What to control access to(未译)

The <what> part of an access specification determines the entries and attributes to which the access control applies. Entries are commonly selected in two ways: by DN and by filter. The following qualifiers select entries by DN:

  • to *

to dn[.<basic-style>]=<regex> to dn.<scope-style>=<DN> The first form is used to select all entries. The second form may be used to select entries by matching a regular expression against the target entry's normalized DN. (The second form is not discussed further in this document.) The third form is used to select entries which are within the requested scope of DN. The <DN> is a string representation of the Distinguished Name, as described in RFC2253.

The scope can be either base, one, subtree, or children. Where base matches only the entry with provided DN, one matches the entries whose parent is the provided DN, subtree matches all entries in the subtree whose root is the provided DN, and children matches all entries under the DN (but not the entry named by the DN).

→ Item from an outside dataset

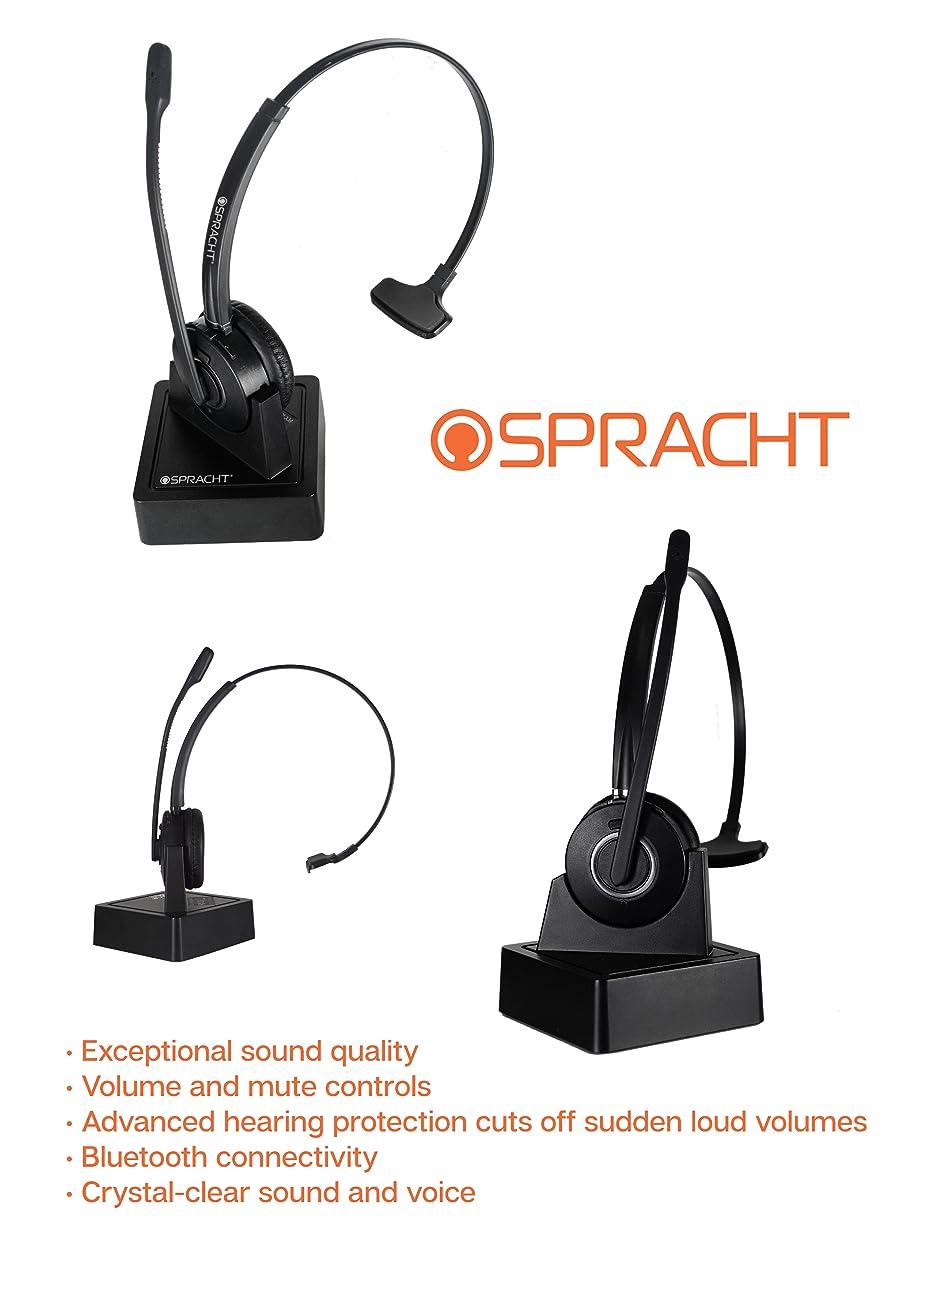 Smart Bluetooth 5.0 Einohr-Sprach/übersetzer-Kopfh/örer 33 Sprachen Smart Translator-Kopfh/örer sjlerst Bluetooth Wireless Translator Headset mit Ladebox

For example, if the directory contained entries named:

  • 0: o=suffix 1: cn=Manager,o=suffix 2: ou=people,o=suffix 3: uid=kdz,ou=people,o=suffix 4: cn=addresses,uid=kdz,ou=people,o=suffix 5: uid=hyc,ou=people,o=suffix

Then:

  • dn.base="ou=people,o=suffix" match 2; dn.one="ou=people,o=suffix" match 3, and 5; dn.subtree="ou=people,o=suffix" match 2, 3, 4, and 5; and dn.children="ou=people,o=suffix" match 3, 4, and 5.

Entries may also be selected using a filter:

  • to filter=<ldap filter>

where <ldap filter> is a string representation of an LDAP search filter, as described in RFC2254. For example:

  • to filter=(objectClass=person)

Note that entries may be selected by both DN and filter by including both qualifiers in the <what> clause.

  • to dn.one="ou=people,o=suffix" filter=(objectClass=person)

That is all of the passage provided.